Caminaba presurosamente por la calle, como con ojos en la nuca; el aire se le presentaba rancio, las caras extrañas, las miradas vacías. Se dirigía a no sabía dónde, solo necesitaba seguir caminando; el ruido de la calle se le hacía sordo, como si estuviese debajo del agua viendo todo a través de un film. La conmoción no soltaba a Hunter y este se inclinaba al colapso; parecía no comprender lo que sucedió en la sala. No concebía la idea de cruzarse a Gabriela después de tantísimos años, tantísimos años de extrañeza, de ficción.

La última vez que la vio ella partía en un viaje.

—Voy a volver antes de que te des cuenta de que me fui. —Le dijo, mostrando su sonrisa partida. Y había sido así, tanto tiempo había pasado que parecía sepultada toda vivencia con ella. Sin embargo, nada parecía haber cambiado. Todo el escalofrío y el nerviosismo habían puesto a Hunter al límite, como si le hubiesen arrastrado a su pasado a la fuerza, devolviéndolo a su procaz juventud.

Entre tanto, ni se había percatado de que se había detenido frente a una familia de indigentes, que le hablaba, pero él no escuchaba.
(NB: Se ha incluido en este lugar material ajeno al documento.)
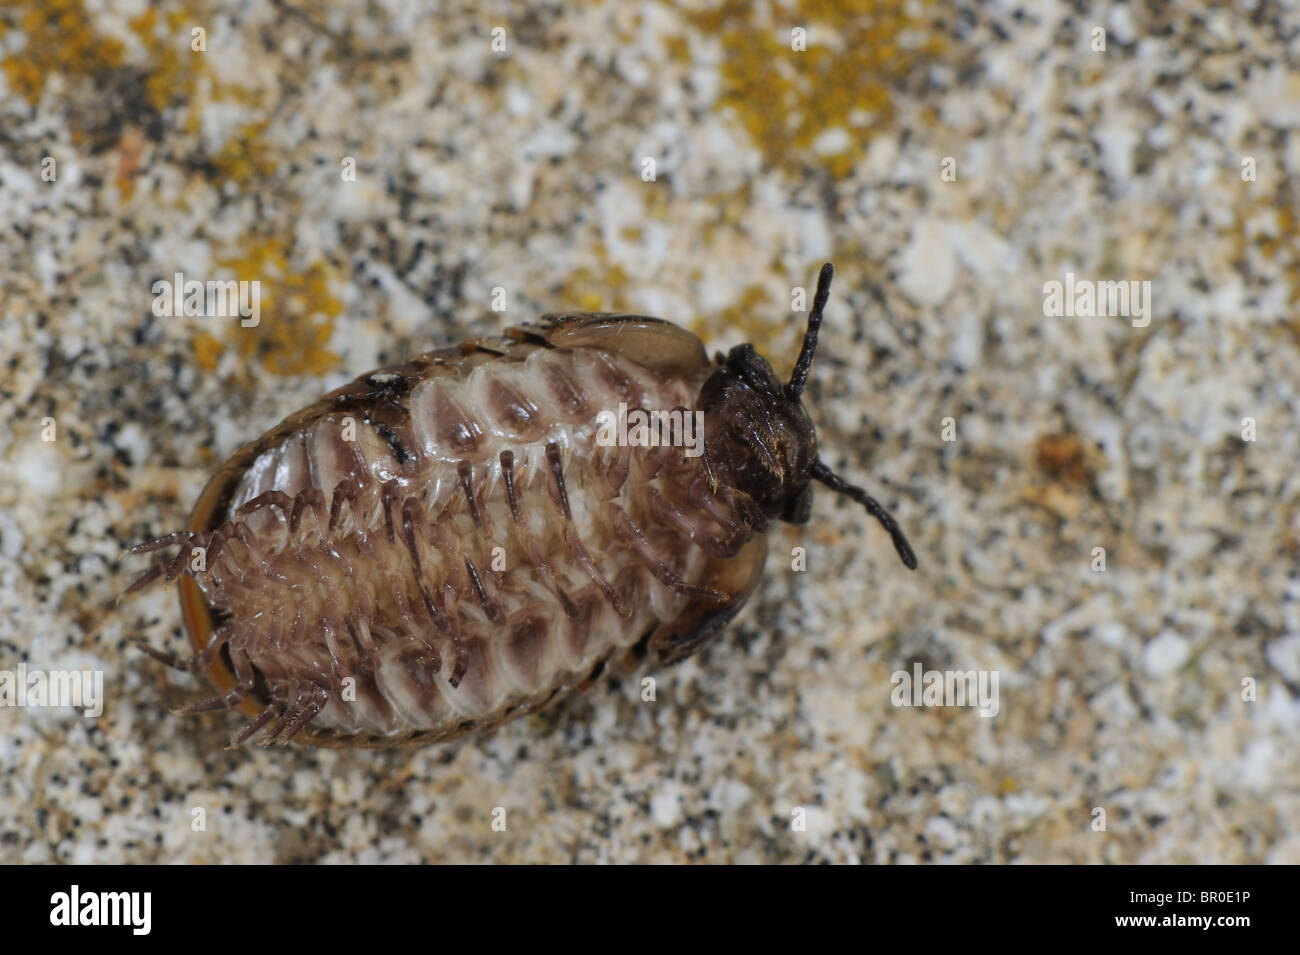 Pill millipede (Glomeris marginata) underside view showing the many pairs of legs - Vaucluse - Provence - France Stock Photo

Acercándose a ellos, todavía sin escuchar, se sentó a su lado.

Poco a poco se fue tranquilizando, dejando a su conciencia respirar; quizás había exagerado con tanto alboroto… sí, a lo mejor sí. Después de todo, ¿por qué se ponía así por tal pequeño suceso? Hace años que no veía a Gabriela, a la cual había admirado y amado con fervor, a la cual le había contado sus secretos y planes… sin embargo ella se mudó de continente sin más que una vana promesa. No debía él, sino ella, alterarse.

De refilón miró a quien parecía ser el padre de aquella familia, no presentaba mal aspecto ni nada por el estilo. Tampoco sus dos hijos y su mujer, simplemente se hallaban en la acera esgrimiendo su desolación. Pensó en que al menos ellos se tenían los unos a los otros.

Él no había podido, o no había querido, o no había sucedido.

—¿Busca algo, señor? —dijo de repente el padre de la familia.

Hunter giró sobre su hombro lentamente y lo contempló durante unos instantes.

—Sí… de hecho sí —Hunter se incorporó extrañado y asintió con su sombrero a modo de saludo.

Sin quererlo, sentimientos invasivos empezaron a alterarlo nuevamente; ahora se preguntaba si habría hecho bien en irse sin más, huyendo como un cobarde de su pasado. No podía tenerse quieto, el fastidio ocupaba su cabeza. Se levantó con estrépito, cavilando. Comenzó a caminar nuevamente hacia el cine, pero a paso lento.